- **What to do**
Write out the listing below exactly, and omit any images you find in it.
________________________
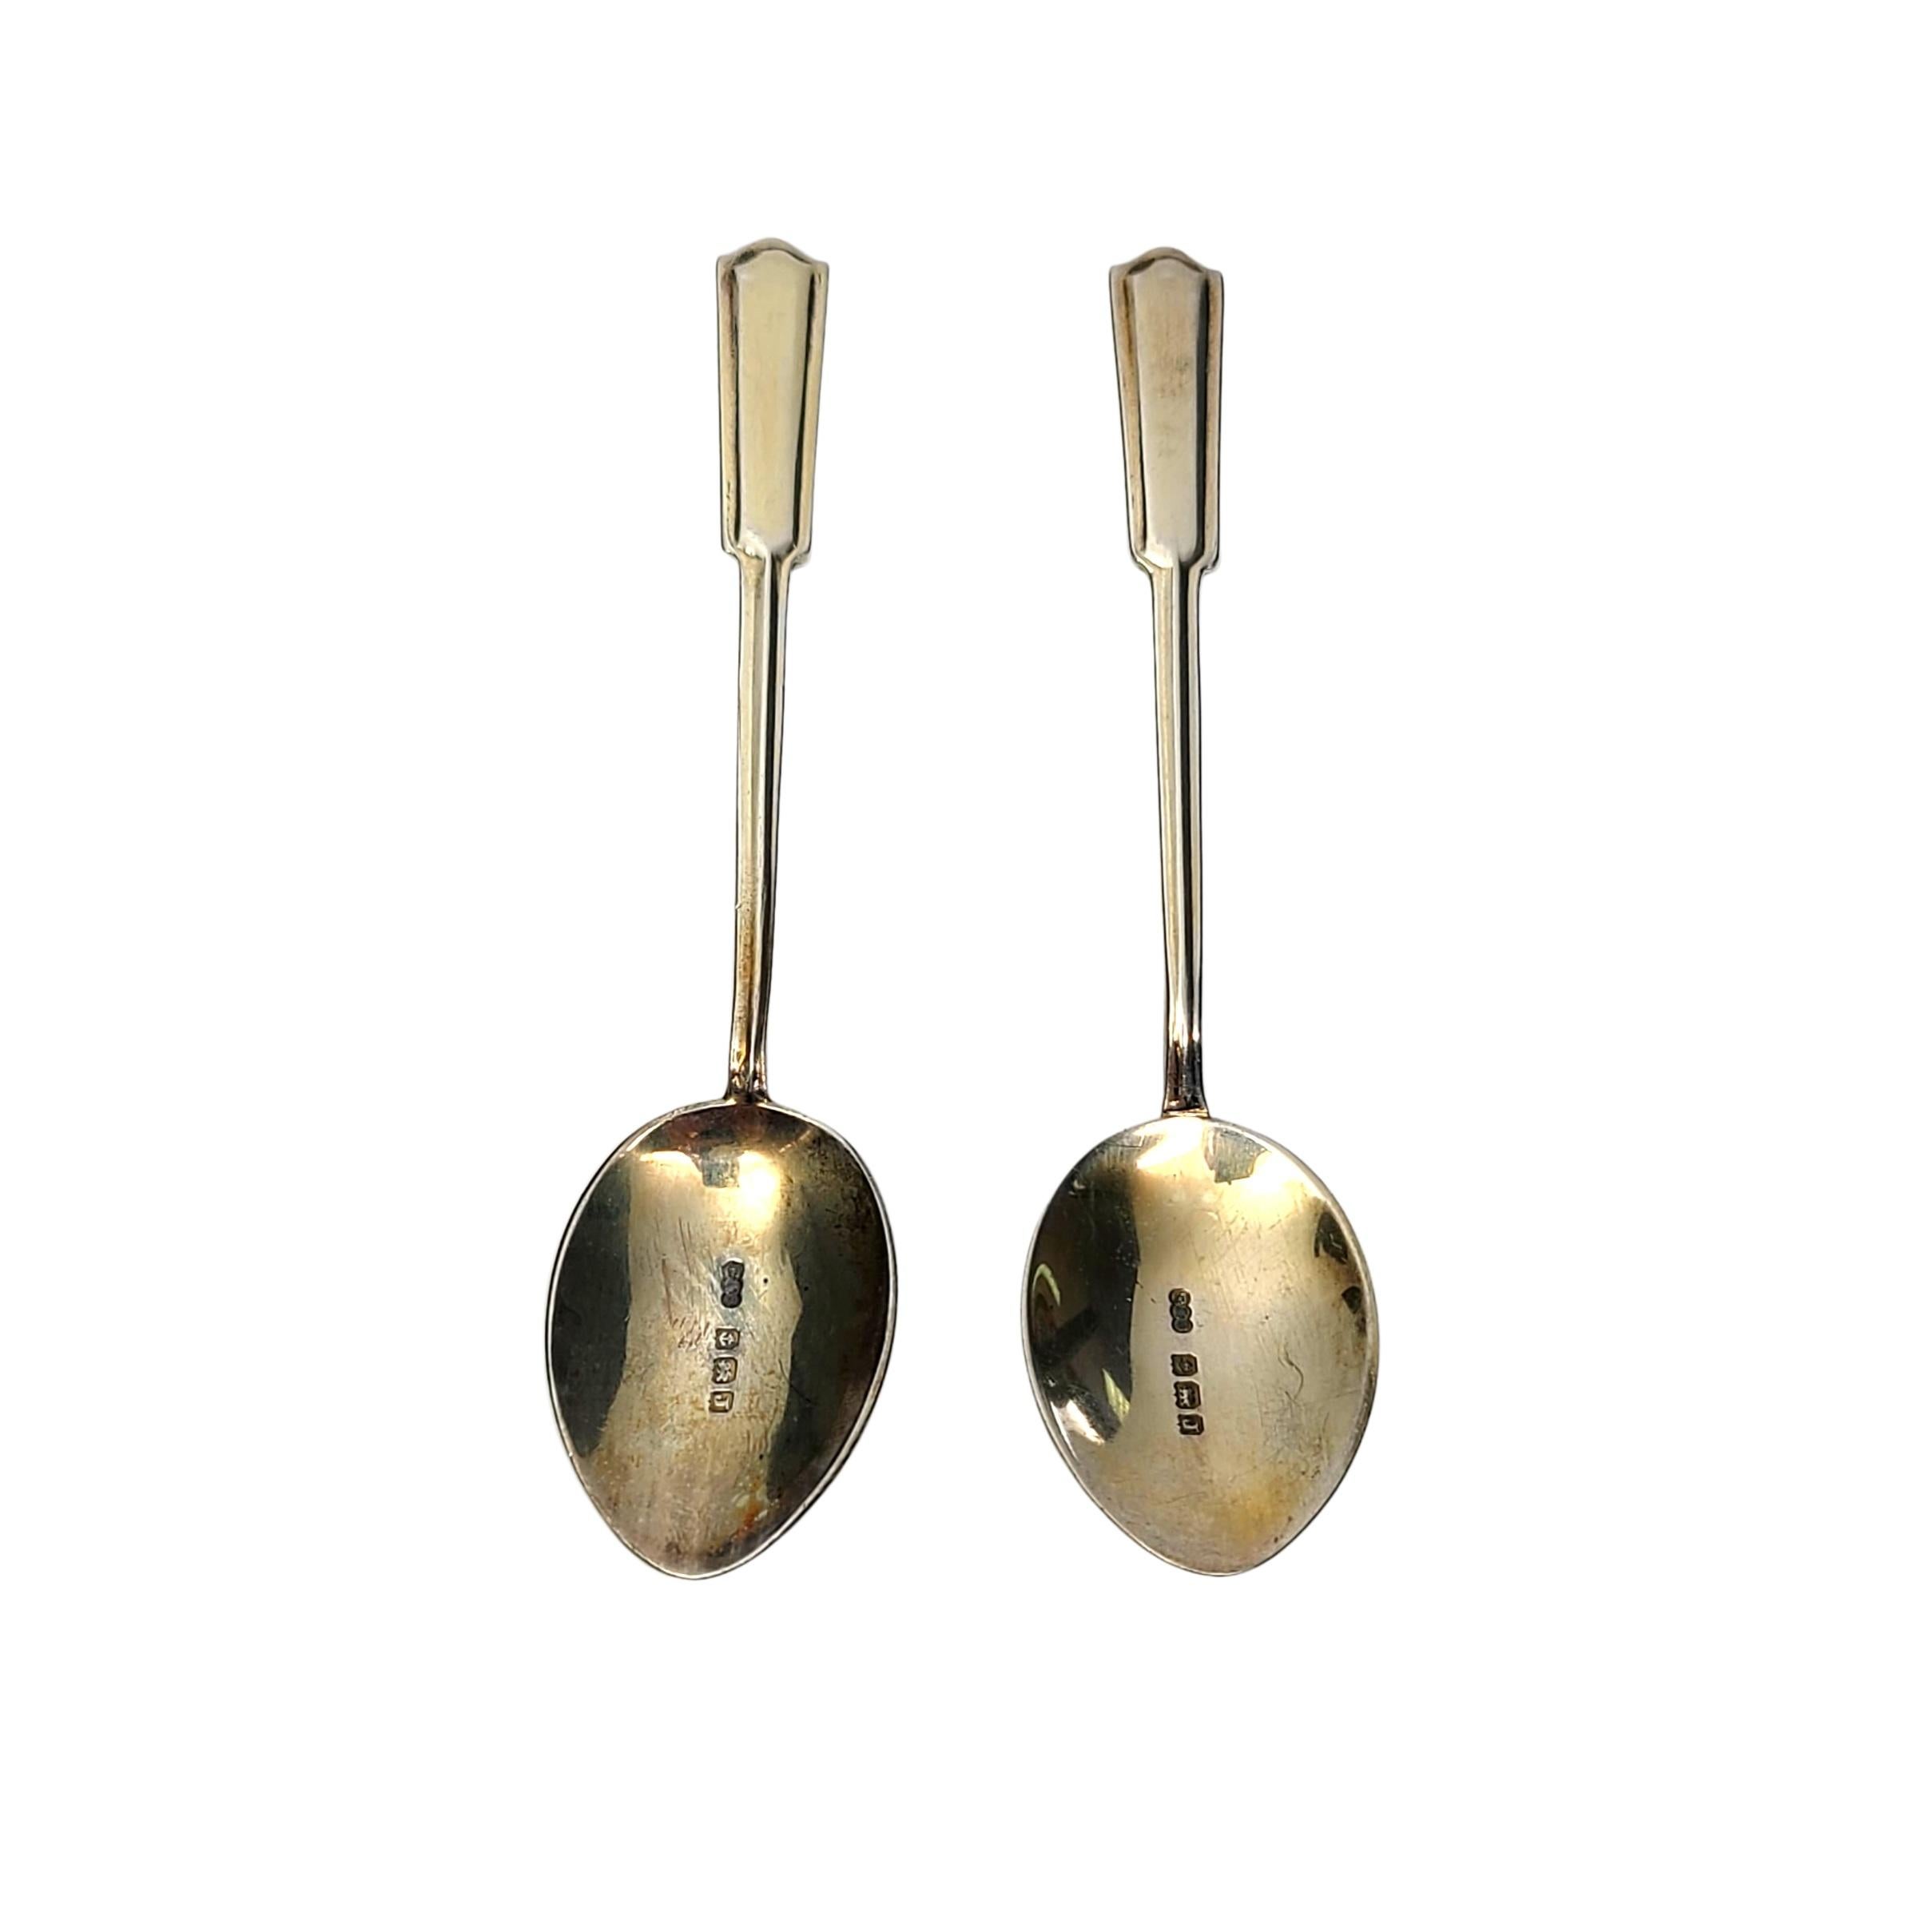 Set of 2 sterling silver and enamel demitasse spoons by Turner & Simpson of Birmingham, England, circa 1933.

No monogram

Beautifully enameled blue, black and white design on the back of the bowls and handle. Spoons have a gold wash over sterling
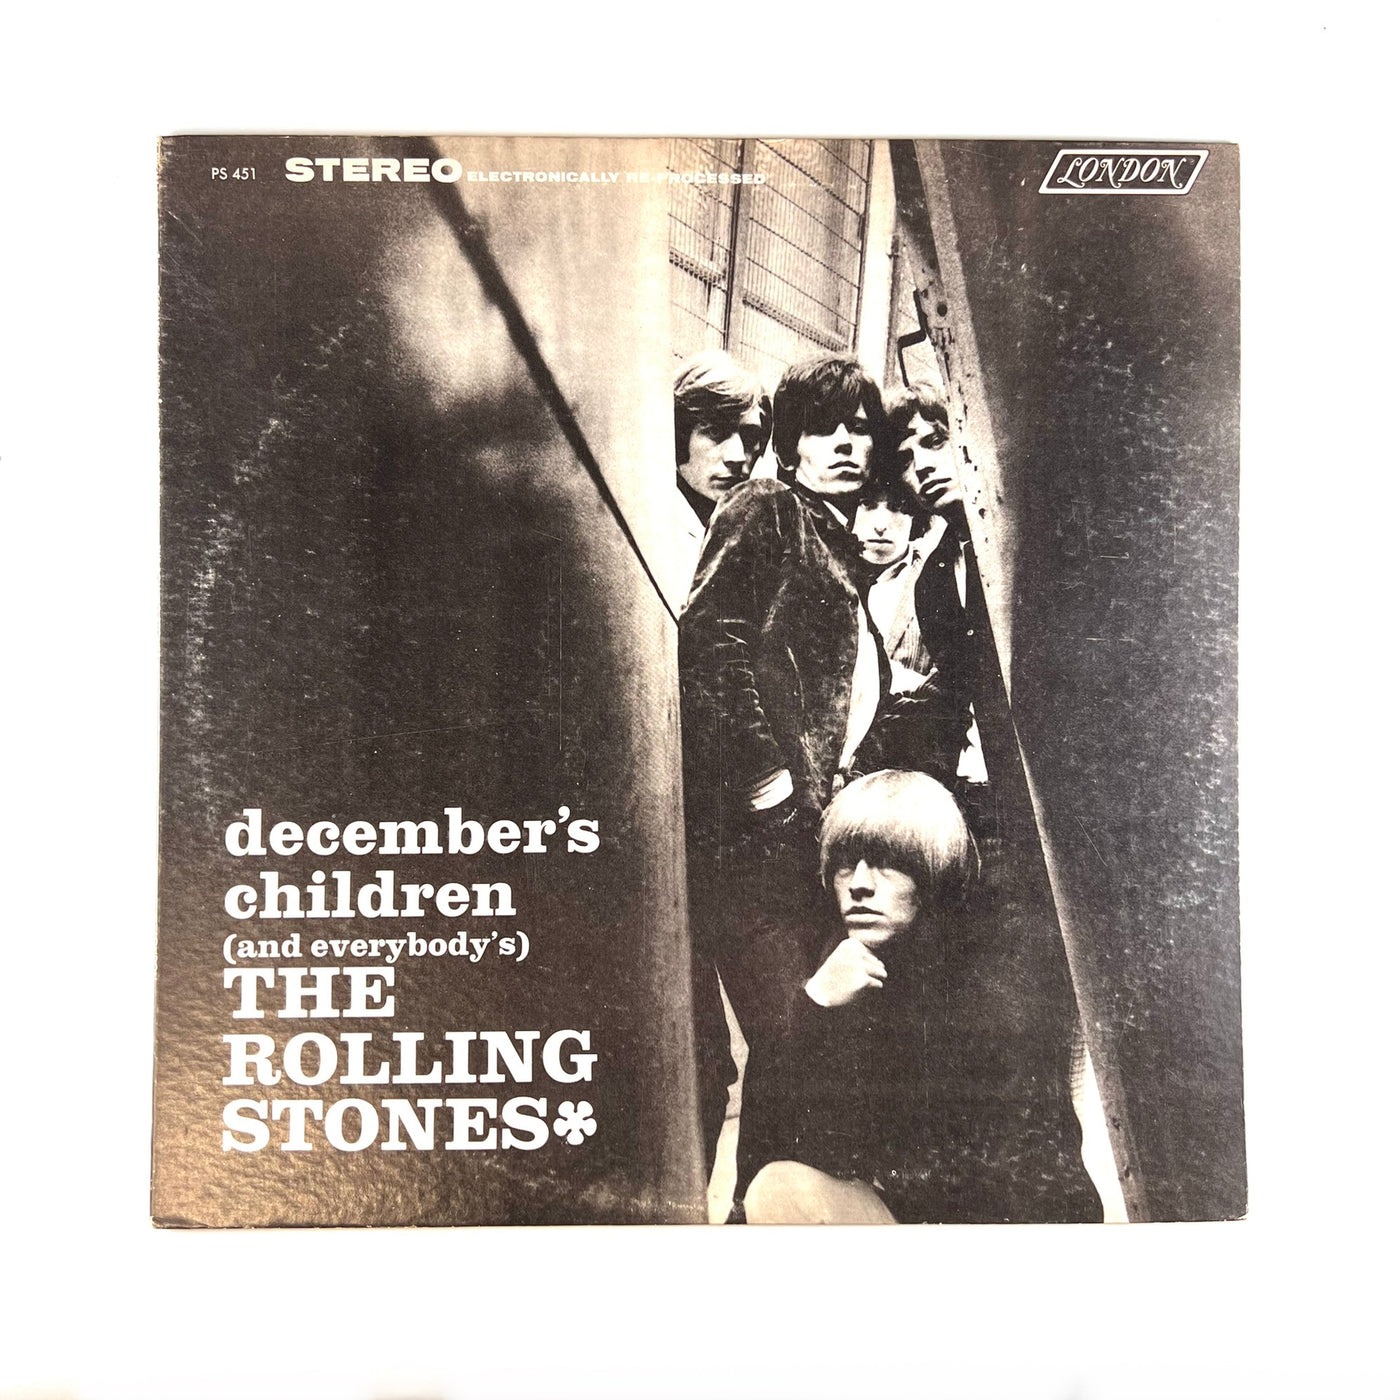 The Rolling Stones - December's Children (And Everybody's) - 1968 Repress
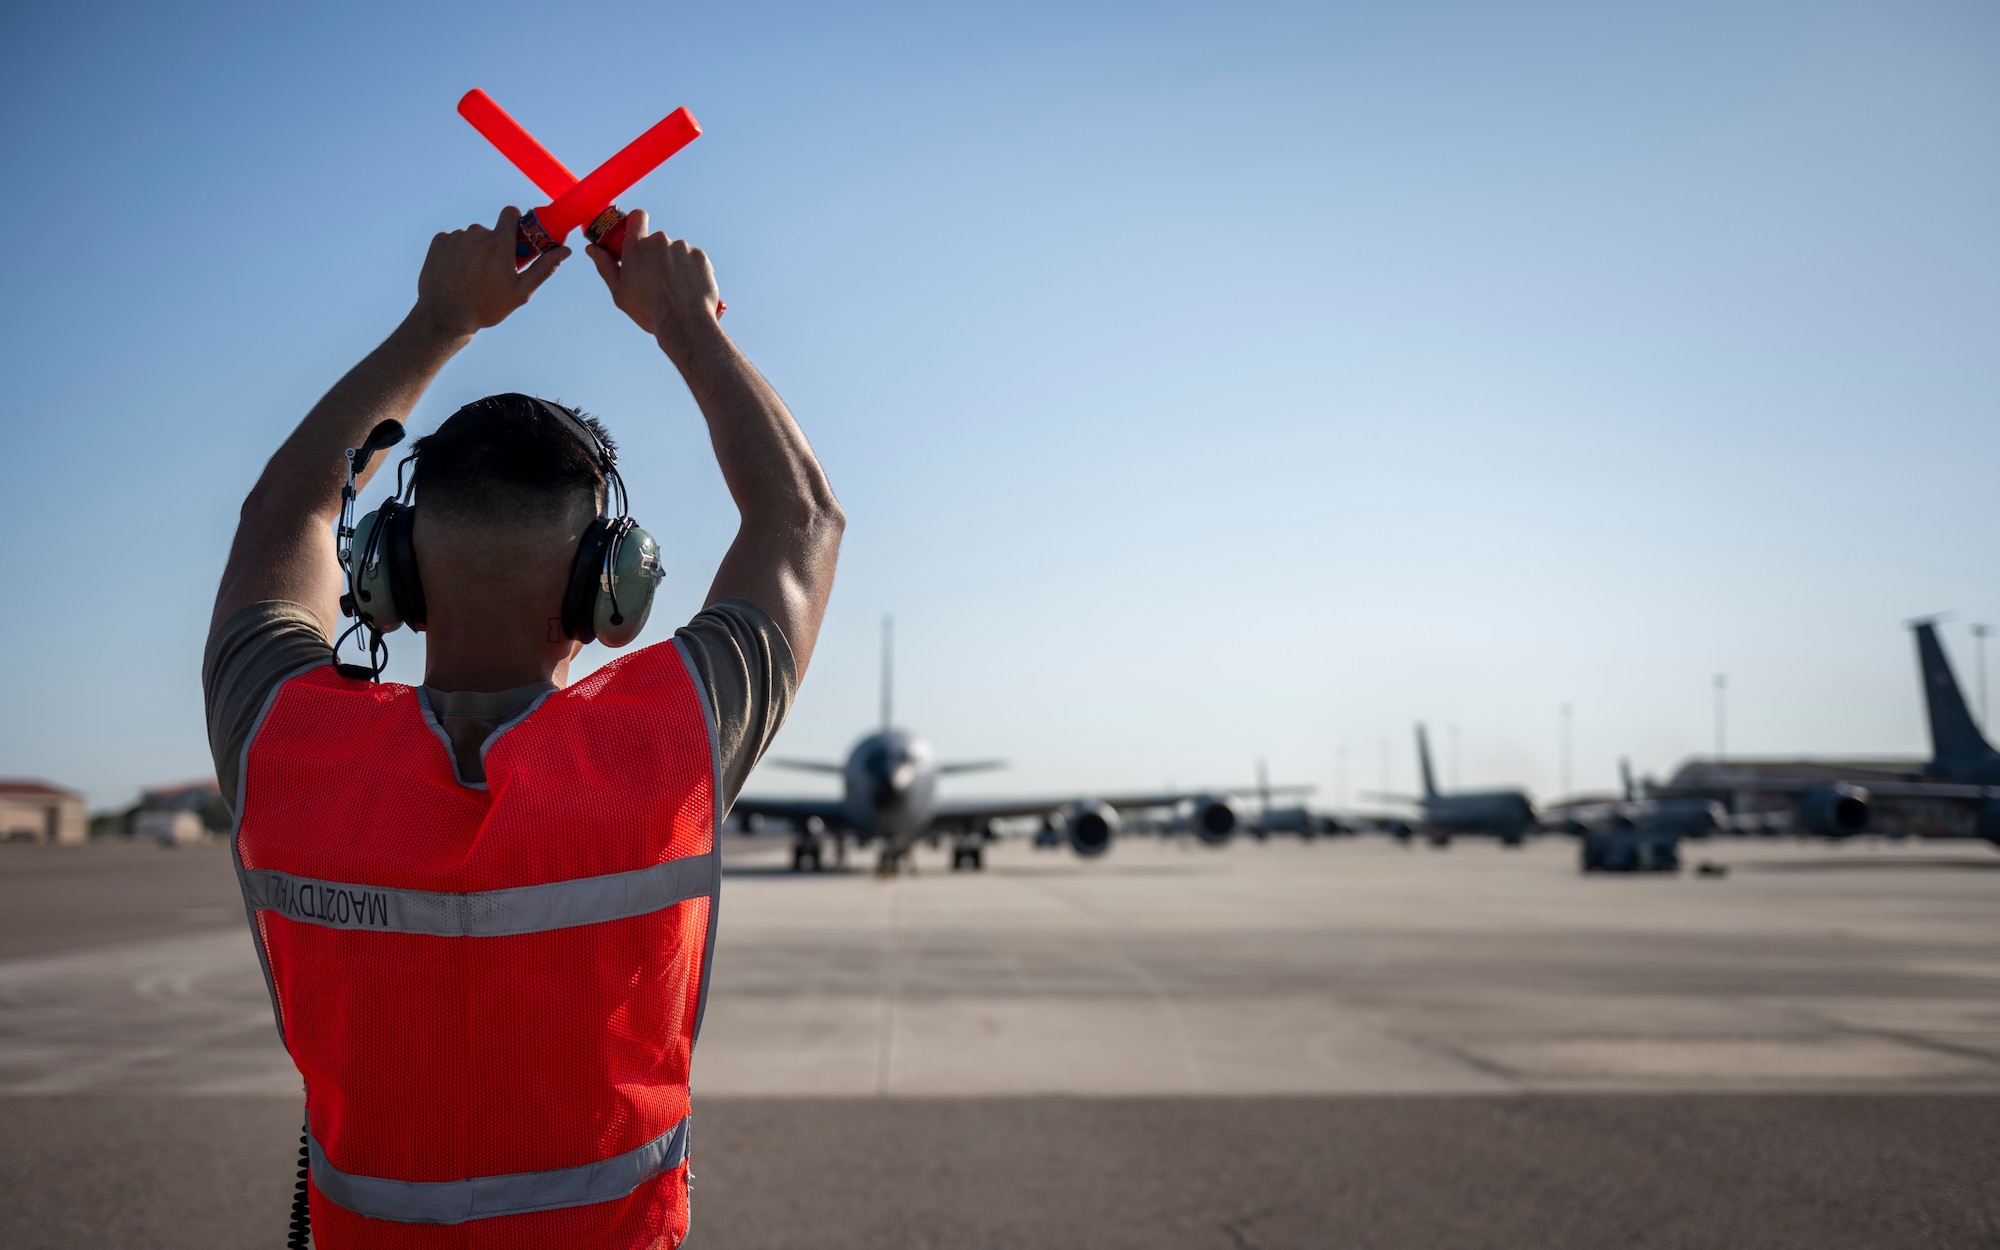 A crew chief with the 6th Maintenance Group marshals a KC-135 Stratotanker during Operation Violent Storm at MacDill Air Force Base, Florida, April 26, 2023. The exercise consisted of an “elephant walk,” with 18 KC-135 Stratotanker aircraft mobilizing through the efforts of more than 700 personnel from across the installation, all in under six hours. (U.S. Air Force photo by Senior Airman Lauren Cobin)
________________________
- **Your solution**
 Set of 2 sterling silver and enamel demitasse spoons by Turner & Simpson of Birmingham, England, circa 1933.

No monogram

Beautifully enameled blue, black and white design on the back of the bowls and handle. Spoons have a gold wash over sterling
 The Rolling Stones - December's Children (And Everybody's) - 1968 Repress
 A crew chief with the 6th Maintenance Group marshals a KC-135 Stratotanker during Operation Violent Storm at MacDill Air Force Base, Florida, April 26, 2023. The exercise consisted of an “elephant walk,” with 18 KC-135 Stratotanker aircraft mobilizing through the efforts of more than 700 personnel from across the installation, all in under six hours. (U.S. Air Force photo by Senior Airman Lauren Cobin)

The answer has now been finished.